Politica e Sanità
30 Gennaio 2017Per valutare la legittimità della dispensazione di un farmaco etico in assenza di ricetta e in caso di estrema necessità e urgenza la normativa di riferimento è il decreto del Ministero della Salute del 31 marzo 2008, che supera, per questi aspetti, quanto previsto nella Convenzione farmaceutica - «il farmacista consegna altro medicinale di uguale composizione e di pari indicazione terapeutica» - e il Codice deontologico, che prevede la dispensazione senza ricetta «per salvare, chiunque ne faccia richiesta, dal pericolo attuale di un danno grave alla persona». Sono questi alcuni punti messi in luce dal commento, a firma di Gustavo Bacigalupo, dello studio associato Bacigalupo-Lucidi, alla sentenza della Cassazione (n. 55134 del 29 dicembre 2016) sulla dispensazione di farmaci urgenti. La vicenda riguarda un farmacista della provincia di Trento che aveva rifiutato di consegnare un farmaco iniettabile antipiretico per un malato terminale, in crisi di iperpiressia, in assenza della prescrizione medica. Il farmacista era stato assolto in primo grado ma condannato dalla Corte di appello di Trento e proprio su questo giudizio si è espressa la Cassazione che «ha annullato, sì, la decisione ma con rinvio ad altra sezione - quella distaccata di Bolzano: ha accolto quindi l'impugnativa, senza però assolvere l'imputato, cosicché il giudice d'appello dovrà occuparsene ancora e ripartire in pratica da zero».

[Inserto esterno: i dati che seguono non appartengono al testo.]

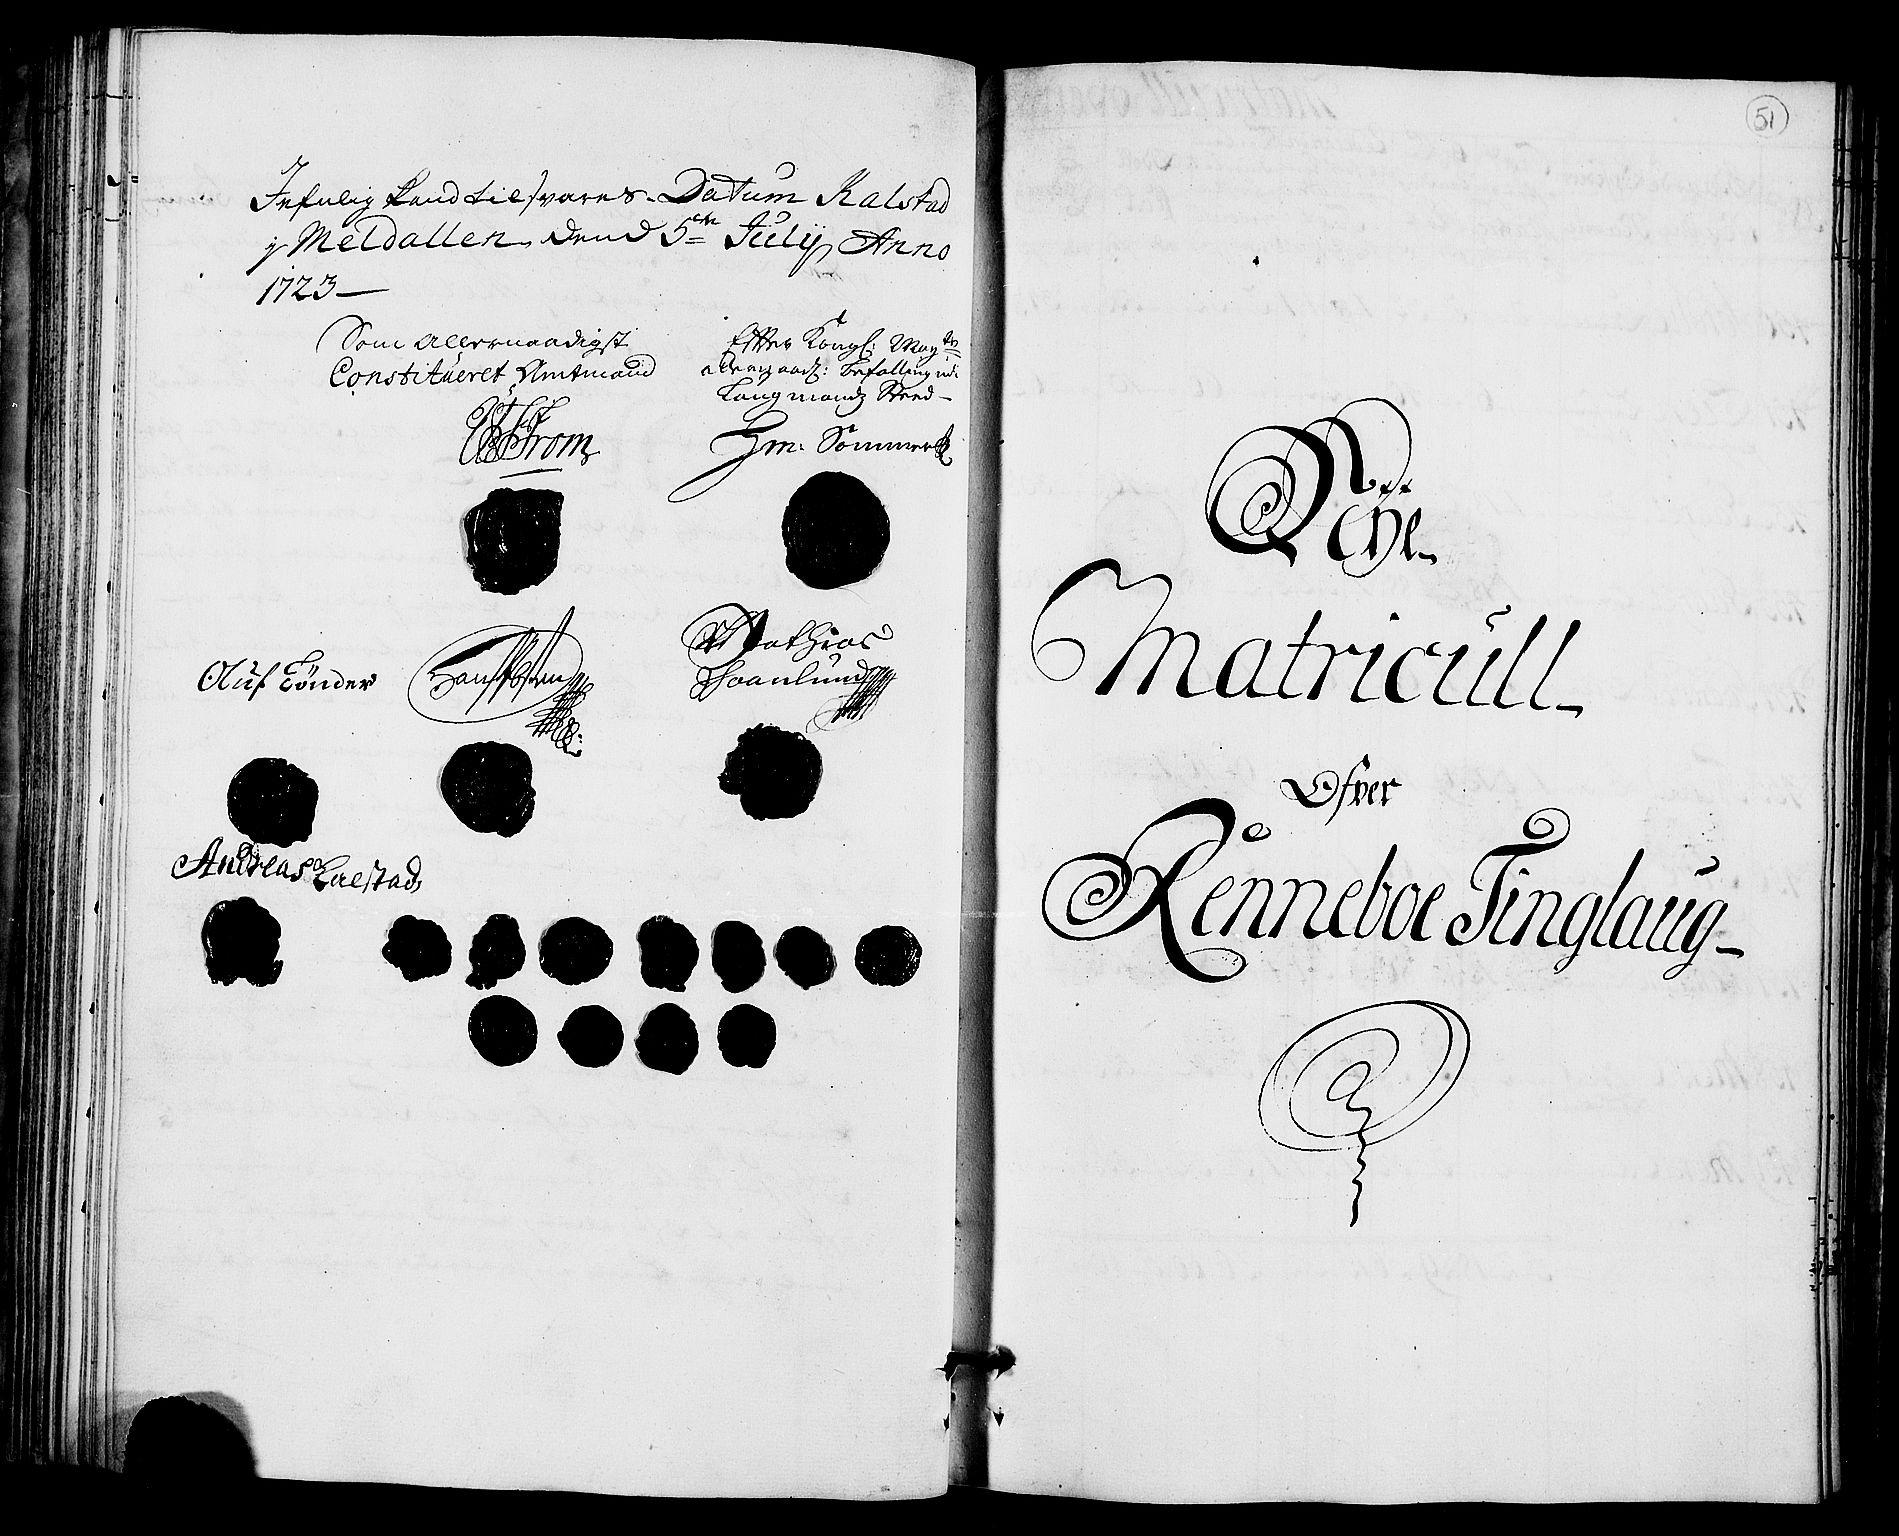 RA, Rentekammeret inntil 1814, Realistisk ordnet avdeling, N/Nb/Nbf/L0157: Orkdal matrikkelprotokoll, 1723, s. 50b-51a

Tanti sono i rilievi che si possono fare sulla sentenza, ma l'aspetto importante per i farmacisti richiamato nel commento è il fatto che, per dirimere la questione, la normativa di riferimento è soltanto il DM del 2008, con la conseguenza che «circoscrivendo a quelle del DM Salute le disposizioni regolatorie della consegna del farmaco "in caso di estrema necessità e urgenza", ha ridotto ai minimi termini quel non modesto margine di discrezionalità riconosciuta al farmacista» dal Codice. Entrando nei termini della questione, il DM Salute fissa le condizioni «perché il farmacista sia tenuto a consegnare, in assenza di prescrizione medica, un medicinale», tra le quali prosecuzione del trattamento di un paziente affetto da patologia cronica, prosecuzione del trattamento in questione pur in assenza di patologia cronica, dimissioni ospedaliere. Ma, come rileva sinteticamente la Suprema Corte, continua Bacigalupo, «a tutela della salute del paziente il decreto ministeriale subordina la consegna del farmaco "in caso di estrema necessità e urgenza" alla condizione essenziale che il farmacista sia in grado di rilevare lo stato di malattia del paziente attraverso dati che emergano direttamente in farmacia (altre ricette per medicinali similari) o forniti dall'interessato (documentazione attestante la patologia, ricette scadute, dismissione ospedaliera) ovvero per conoscenza diretta delle condizioni del malato, mentre consente la dispensazione senza ricetta dei farmaci iniettabili, esclusi l'insulina e gli antibiotici monodose, soltanto in caso di dismissione dall'ospedale».
E, aspetto importante, «a noi pare che - al ricorso di una delle condizioni, comunque per lo più oggettive, indicate negli artt. 2, 3, 4 e 6 del provvedimento ministeriale - le prescrizioni del DM obblighino il farmacista a dispensare il farmaco richiesto, invece vietandoglielo laddove, al contrario, nessuna di esse si riveli sussistente». Crediamo cioè «che nel decreto ministeriale la consegna, come il rifiuto di consegna, del medicinale richiesto "in caso di estrema necessità e urgenza" non costituiscano generalmente una facoltà del farmacista, ma siano oggetto di un obbligo o di un divieto». In sostanza, «l'inosservanza del primo (l'obbligo di consegna) potrebbe perciò configurare - anche se qui avremmo qualche dubbio in più - proprio il reato di omissione di atti d'ufficio di cui all'art. 328 c.p. per il quale era stato condannato in appello quel farmacista trentino, mentre l'infrazione al secondo (il divieto di consegna) comporta, secondo i casi, una delle sanzioni amministrative (in sostanza da 200 euro in su) previste nell'art. 148 del D.Lgs. n. 219/2006, ma con il rischio di coinvolgimento - nelle vicende più gravi - dell'esercizio della farmacia. Fermi, s'intende, i profili deontologici».